If you're one of the phrosty developers, or are otherwise interested in contributing, here is some useful information.

Note that fully running phrosty requires an NVIDIA GPU with enough memory. Empirically, as 12GB GPU is not enough. We have succesfully run phrosty on NVIDIA GPUs with 40GB of memory.

.. _running-tests:

Running Tests
-------------

**Warning**: all docker images are currently built only for the ``amd64`` architecture (also sometimes known as ``x86_64``). If you're on ``arm64``, then things may not work, and if they do work, they may be horribly slow as you're emulating a different architecture. NERSC's Perlmutter cluster, and any Linux system running on hardware with an Intel or AMD CPU, are on the ``amd64`` architecture. Current Macs, and any other systems based on an ARM chip, are on the ``arm64`` architecture.
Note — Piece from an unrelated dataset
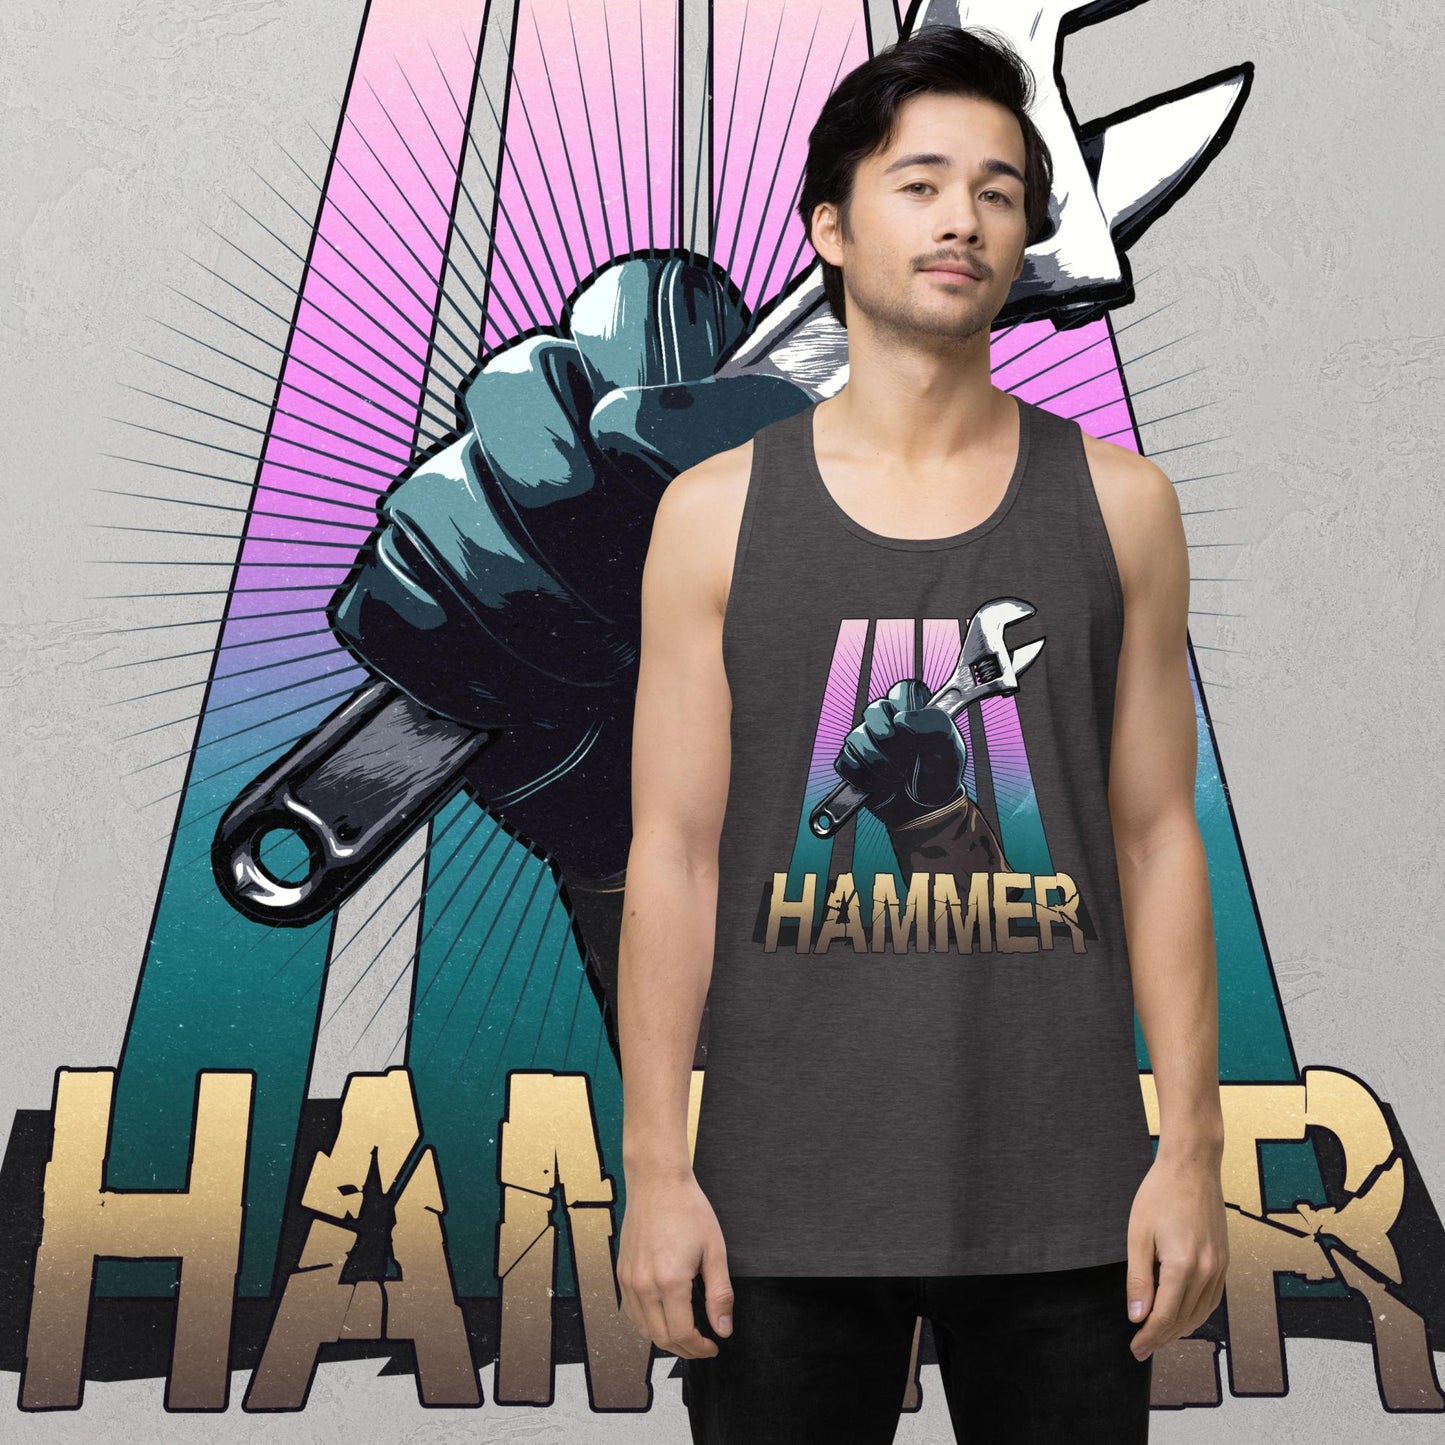 Hammer Tank

Running all of the tests requires an NVIDIA GPU with enough memory. We are able to run them on 40GB NVIDIA GPUs, a GPU with only 12GB is not enough. (TODO: figure out the actual cutoff.)
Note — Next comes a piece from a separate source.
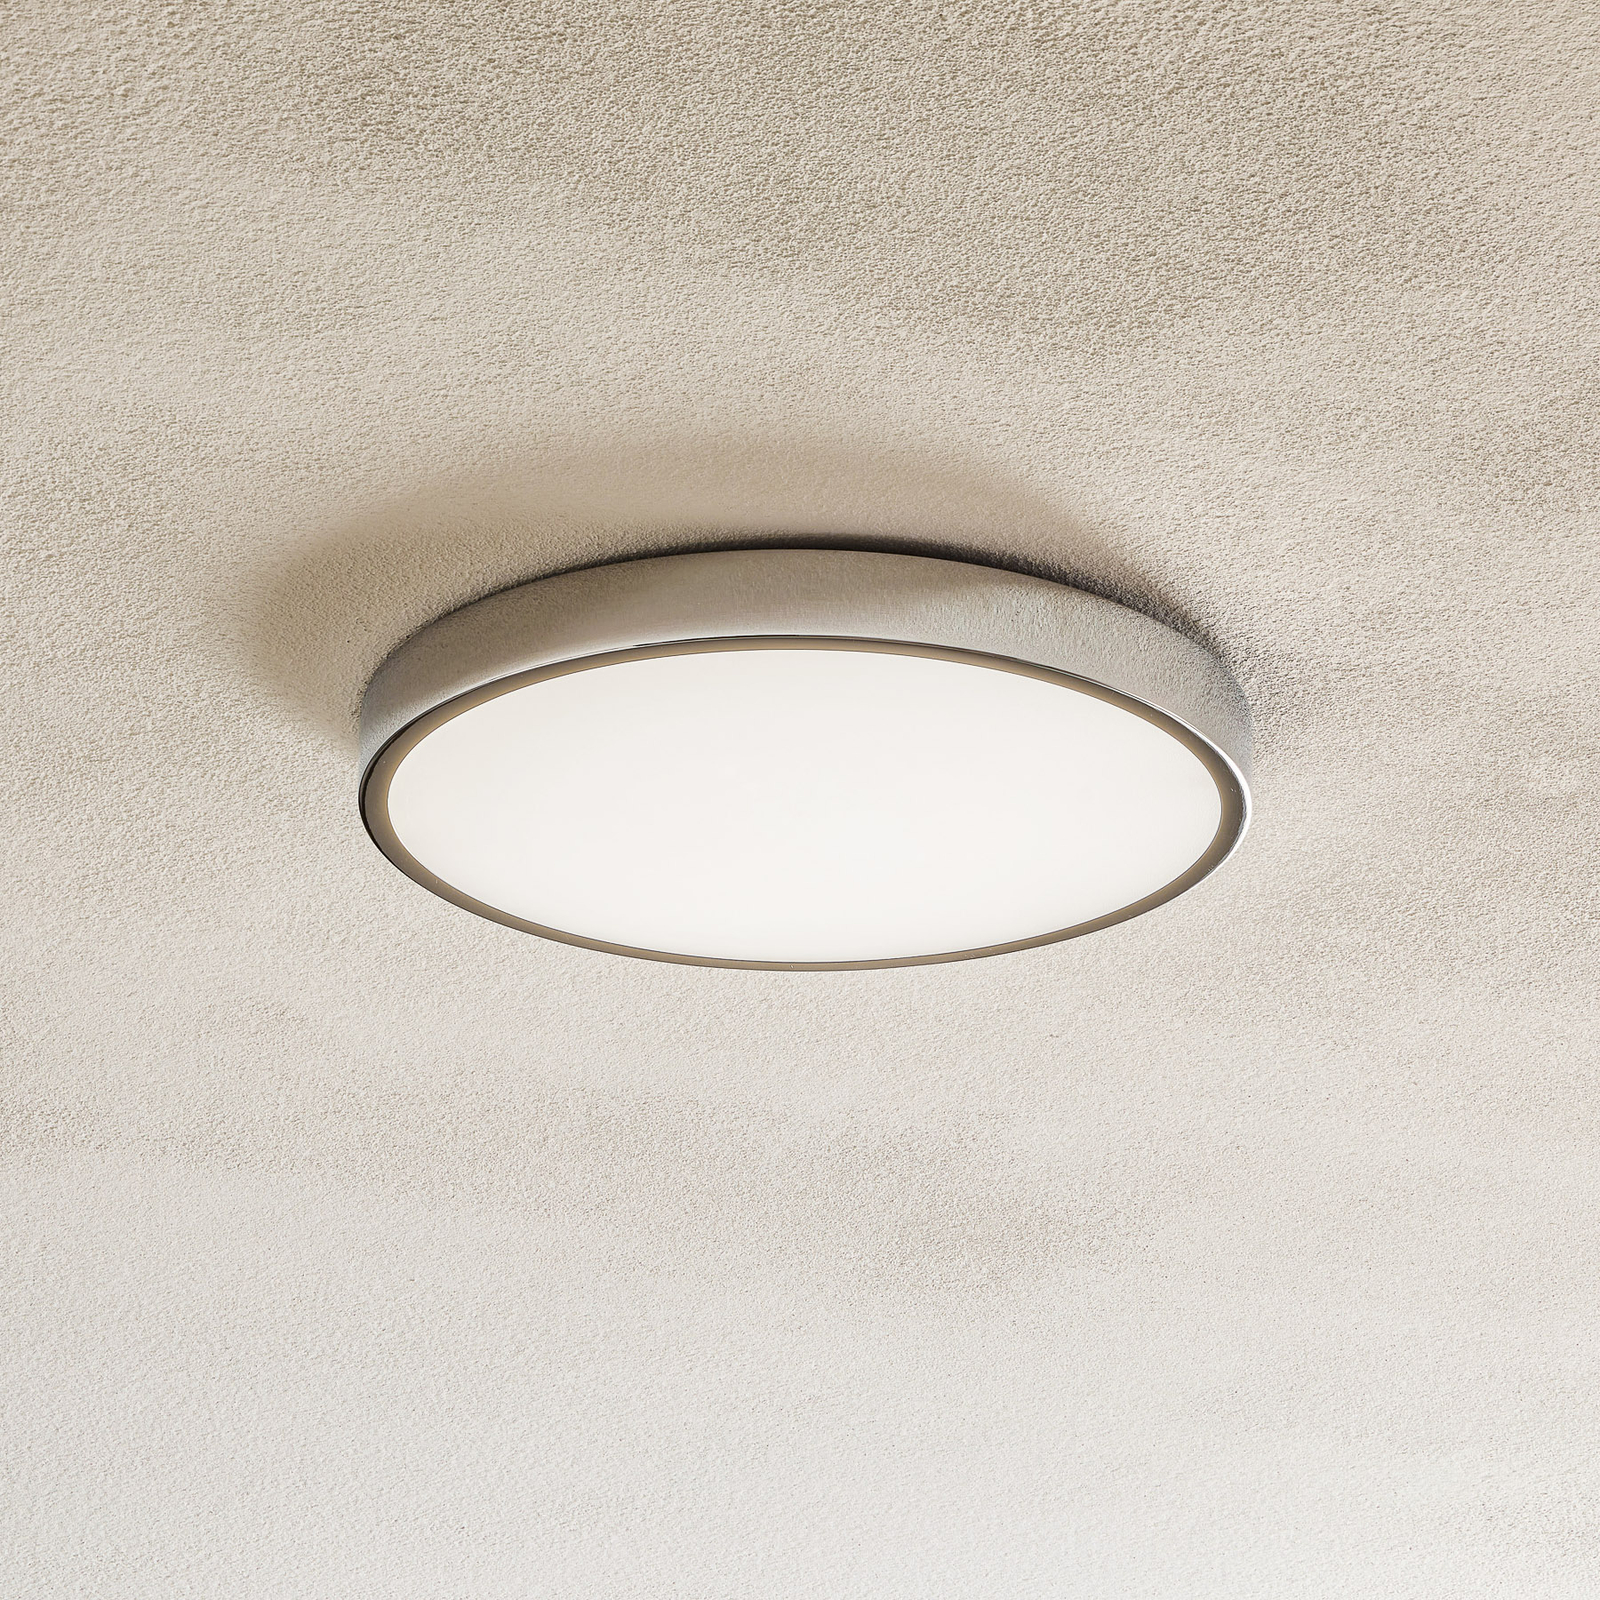 Bully LED ceiling light, chrome, Ø 24 cm

To run the tests, make sure to run the SNPIT container as described in :ref:`running-snpit-container`. Inside the container, cd into the `/phrosty/phrosty/tests` directory and run::
To run the tests, forst make sure you've set up your environment and pulled down the necessary docker images as described in :ref:`phrosty installation prerequisites<phrosty-installation-prerequisites>`.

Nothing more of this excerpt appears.